This repo contains a work-in-progress, unstable, pre-alpha implementation
of osrank
in Rust.
If you are new to the project, you might want to start by reading the specification. This document contains information about the osrank's basic model, the set of open questions remaining to the answered as well as a general discussion about a possible API.
osrank-rs
has been successfully compiled locally and on CI using the following
rustc
version:
rustc 1.38.0 (625451e37 2019-09-23)
Tests for the libraries can be run via:
cargo test --all
There are also tests associated with most binaries. To run them, simply run:
cargo test --features build-binary --bin <selected_binary>
We provide benchmarks for the (naive only for now) algorithm. In order to build (but not run) the benchmarks, simply do:
cargo bench --no-run
We also provide a filter to select which flavour of benchmarks one wants to run.
In particular, the dev
benchmarks use a small number of iterations and are
useful for "local" development, as they are fairly fast to run. Conversely,
the nightly benchmarks are much slower and they are meant to be run as part of
CI.
cargo bench -- dev
cargo bench -- nightly
The code is split into a library and a set of binaries, which can be used to perform data transformations, import & export graphs and more. We also have a set of benchmarks.
This project provides a bunch of binaries to source the data necessary to compute things like an adjacency matrix locally, bypassing the Jupyter notebook. In particular:
osrank-source-dependencies
can be used to produce a CSV file in the same
format of the one produced by the Jupyter notebook of all the projects and
its dependencies for a given ecosystem, and can be parameterised by platform
to generate multiple CSV files.
osrank-source-contributions
can be used to produce a CSV file of a list of
maintainers, alongside the projects they maintain and the number of
contributions.
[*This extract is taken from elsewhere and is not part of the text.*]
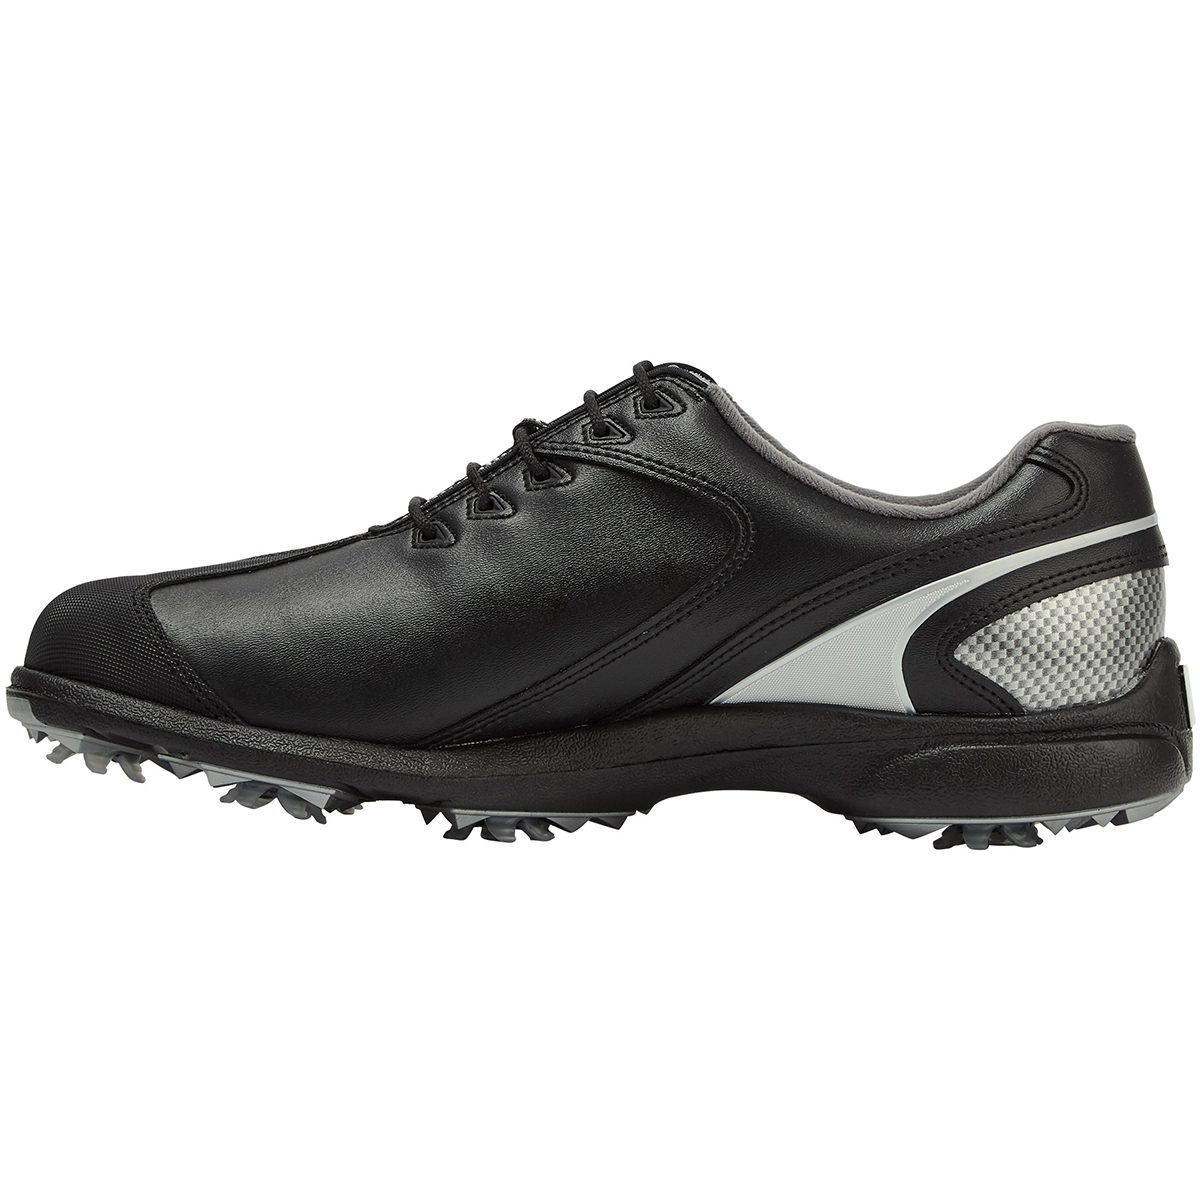 FootJoy Men's Sport LT Waterproof Spiked Golf Shoes from american golf

It can be parameterised by platform to generate multiple CSV
files.
osrank-adjacency-matrix
can be used to calculate the adjancency matrix
for a whole network using the formula of the basic model.
osrank-export-to-gephi
can be used to export a Graph
into both .gexf
and .graphml
formats, to be used with a data visualiser like Gephi.
osrank-rank
can be used to run simulations, by specifying some initial
.csv
files for the selected ecosystem as well as overriding any meaningful
parameter for the simulation. Refer to osrank-rank --help
for a full
breakdown of the supported options. It generates a .csv
file with the
sorted osrank
s.
For the sake of not committing bit objects into git
, we do not store these
.csv files into the git history. There are two options available to the user:
(Easy) Use one of the pre-generated .csv
files stored in the
osrank-rs-ecosystems repo.
(Hard) Generate the files from the binaries. In order to do so, there are a bunch of preliminary operations a user must do:
Download the (fairly big) dataset from libraries.io which includes a bunch of interesting datasets we need to operate on;
Setup a Github authentication token if one desires to run
osrank-source-contributions
. You don't need to set any permission for this one
(i.e. you don't need to check any checkbox in the menu, when creating one).
It's warmly recommended to compile the binary in release mode by typing:
cargo build --release --features build-binary --bin osrank-source-dependencies
The --features build-binary
is a compilation flag used to minimise the dependency
footprint of the project, making sure certain libraries are compiled and
downloaded only for these binaries, but not for library code.
Once the compilation finished, one can proceed running the script like so (for example):
./target/release/osrank-source-dependencies \
~/Downloads/libraries-1.4.0-2018-12-22/dependencies-1.4.0-2018-12-22.csv <Chosen_Platform>
(p.s. You can discover which <Chosen_Platform>
s are available by opening one
on those big .csv
files and searching there directly, or refer to the Libraries.io
documentation).
This will produce a data/<Chosen_Platform>_dependencies.csv
and a
data/<Chosen_Platform>_dependencies_meta.csv
csv files on the local filesystem.
Same process applies for this binary, with the exception that a valid Github API token needs to be supplied as a valid env-var. For example:
OSRANK_GITHUB_TOKEN=<VALID_TOKEN> \
./target/release/osrank-source-contributions \
~/Downloads/libraries-1.4.0-2018-12-22/projects_with_repository_fields-1.4.0-2018-12-22.csv <Chosen_Platform>
This script will take a while to run as it is throttled to ensure we do not
hit Github's Quota Limit, as authenticated users are allowed to only perform
5000 requests per hour. At the end of the process, this will produce a
data/cargo_contributions.csv
file on disk.
If the dataset is big, chances are the script will need to run for many days.
Luckily enough, we support a --resume-from <url>
parameter which can be used
to pass as input the URL of the last visited project, and the script will
automatically resume fetching data from there.
This script is largely superseded by the osrank-rank
algorithm, but it's
still useful as it performs only the pagerank
step, by actually calling the
non-incremental algorithm. This means the result will be much more precise and
the sum of all the ranks will be exactly a probability distribution, but it
won't scale for large graphs.